Examining the Gender Distribution of Ethiopia's Healthcare Workforce Using a Nationally Representative Health Facility Survey

Hailey Spaeth, Johns Hopkins Bloomberg School of Public Health
Elizabeth Hazel, Johns Hopkins Bloomberg School of Public Health
Linnea Zimmerman, Johns Hopkins Bloomberg School of Public Health

Health systems research that does not disaggregate data by sex could lead to gender-blind evidence and policies. In Ethiopia, the sex distribution of health workers is not consistently reported. We conducted a descriptive study using sex-disaggregated data from Ethiopia to examine patterns among male and female healthcare providers.

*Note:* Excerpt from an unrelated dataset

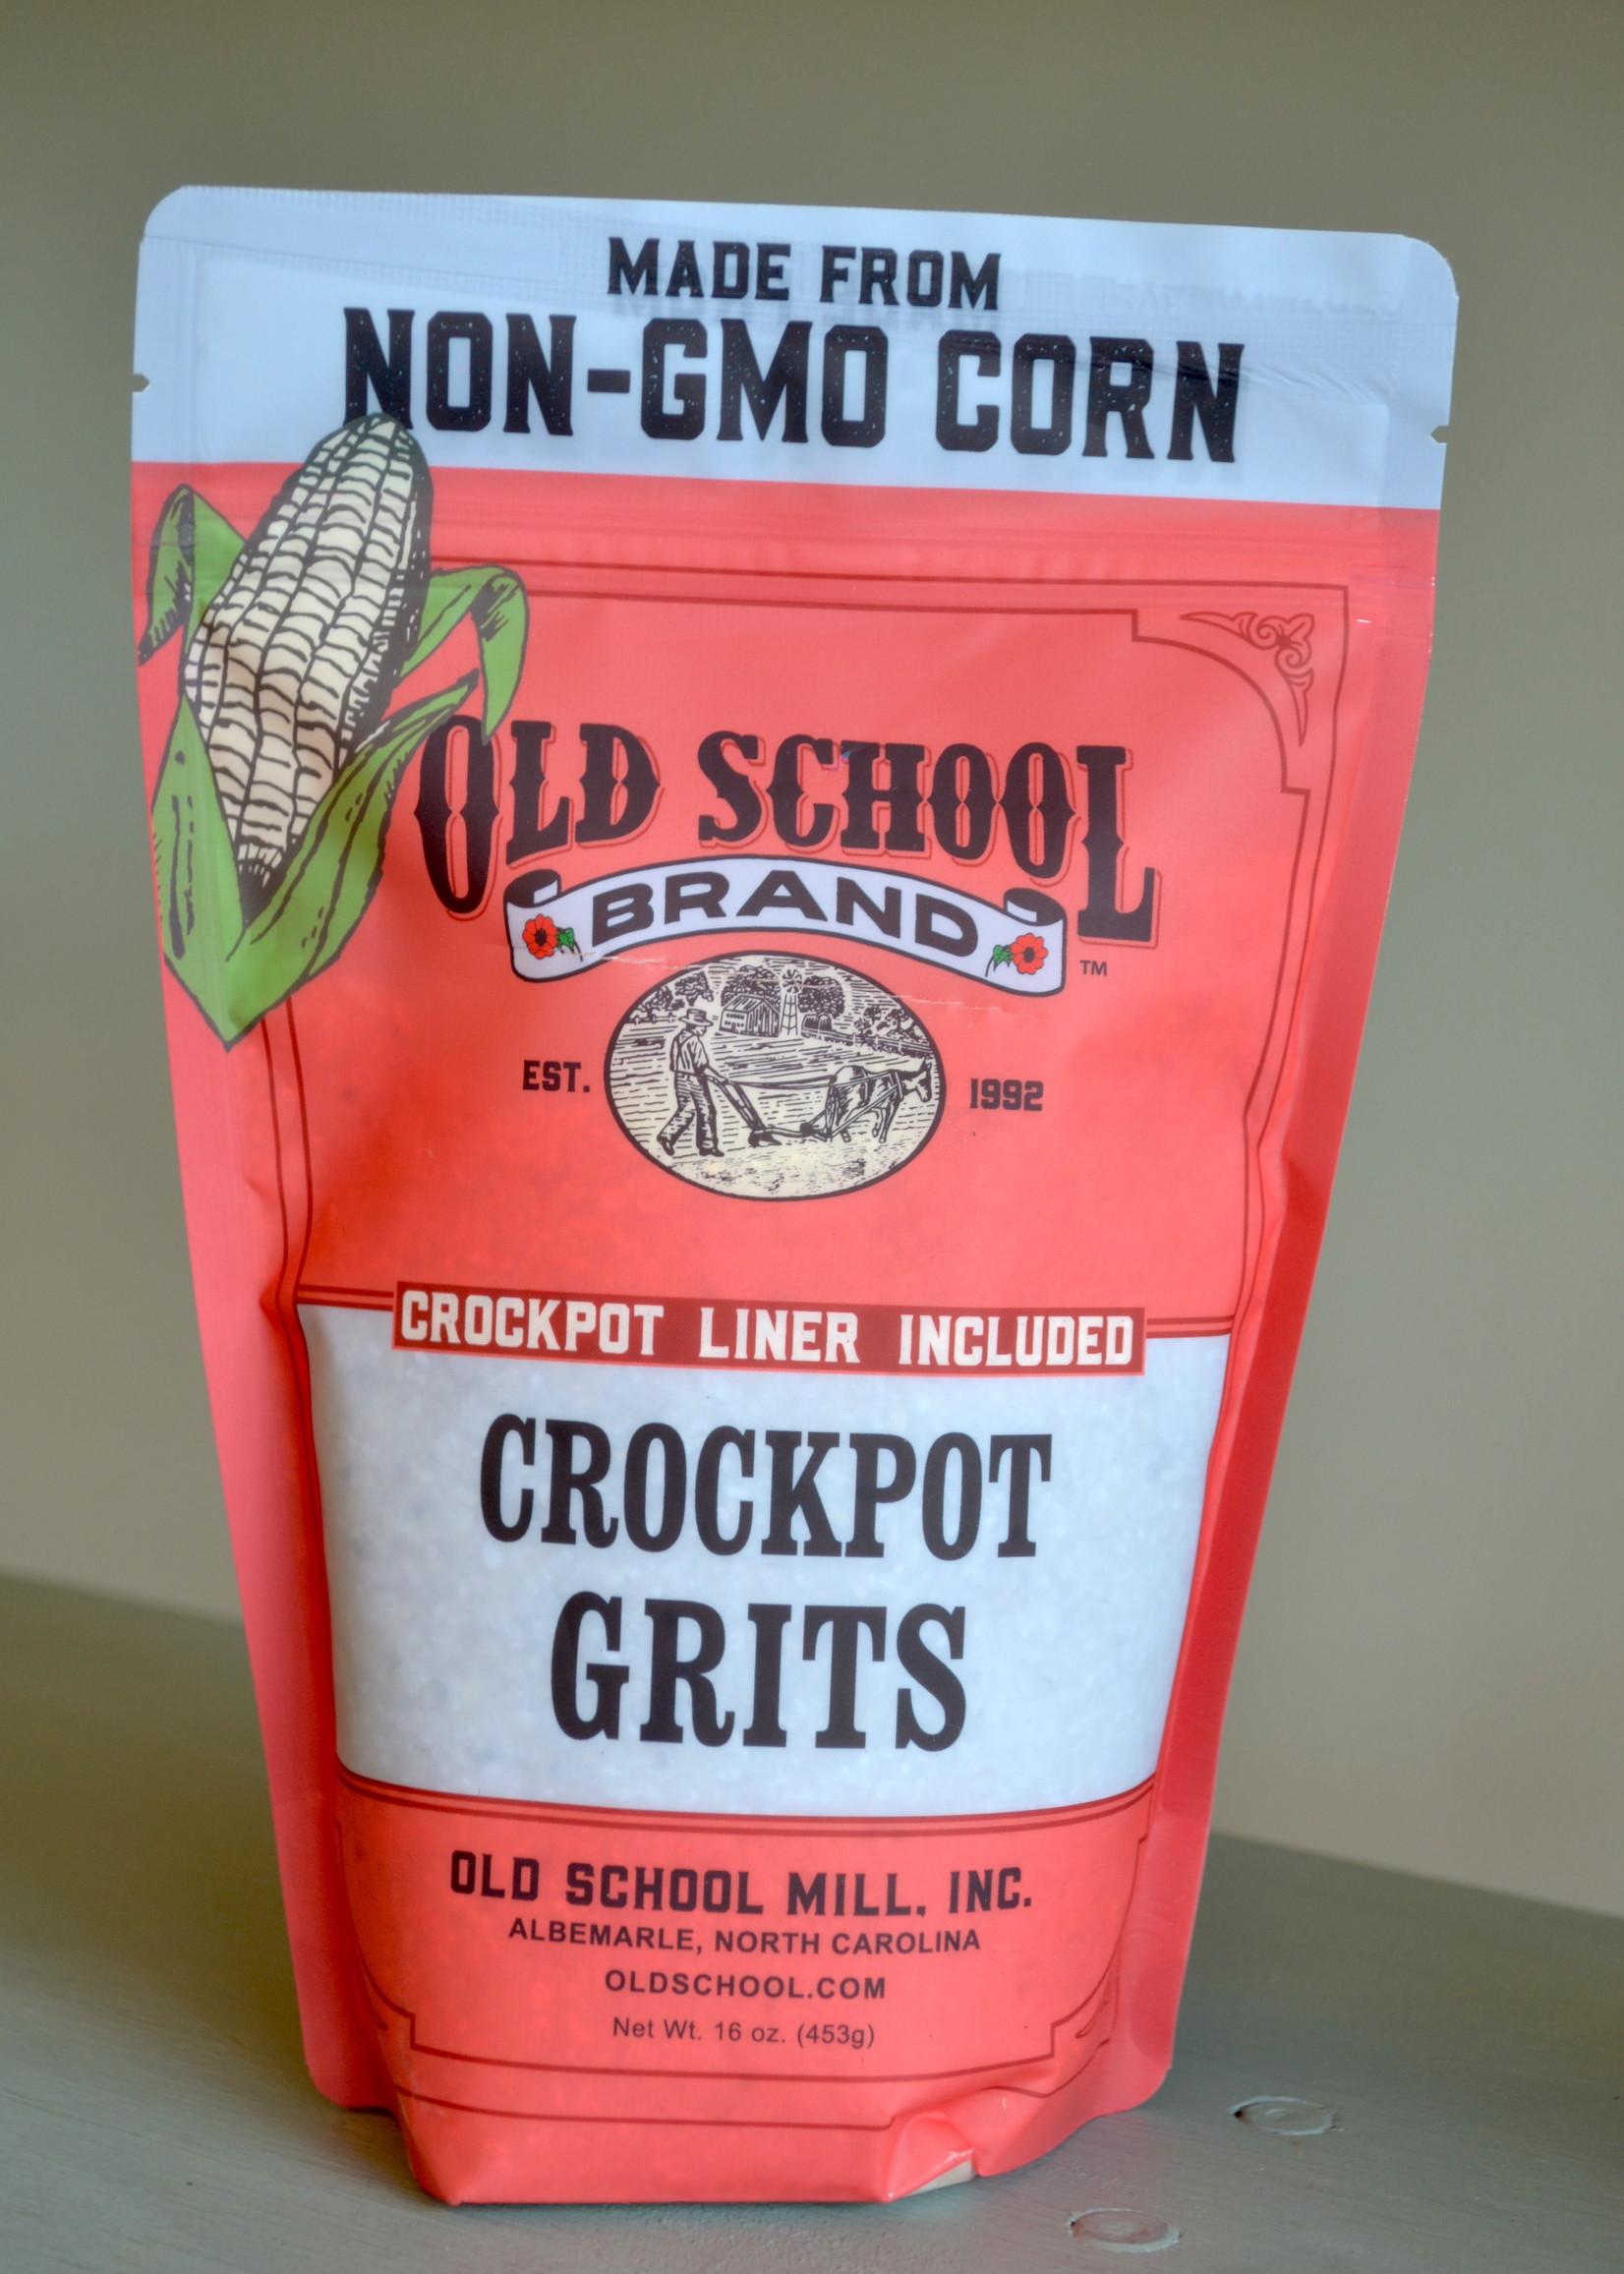 Old School Mill Old School Crockpot Grits

We used cross-sectional Performance Monitoring for Action data collected from December 2023 to February 2024. Outcome measures included the total number of providers, the median number of providers per facility, and male-to-female ratios, which were stratified by facility type, managing authority, region, and provider type. Our sample has 23,359 males and 25,224 females, or 93 males per 100 females. Male-to-female ratios are highest among specialized health officers (411 males per 100 females) as well as doctors and general practitioners (350 males per 100 females). Females are more represented among lower cadre workers, such as health extension workers (2 males per 100 females). We found that although female health workers make up a larger proportion of the health workforce, facility managers and other higher-paid positions consist of largely male providers, indicating gender imbalances in the health system. All health facility surveys should be disaggregated by provider gender identity, when possible.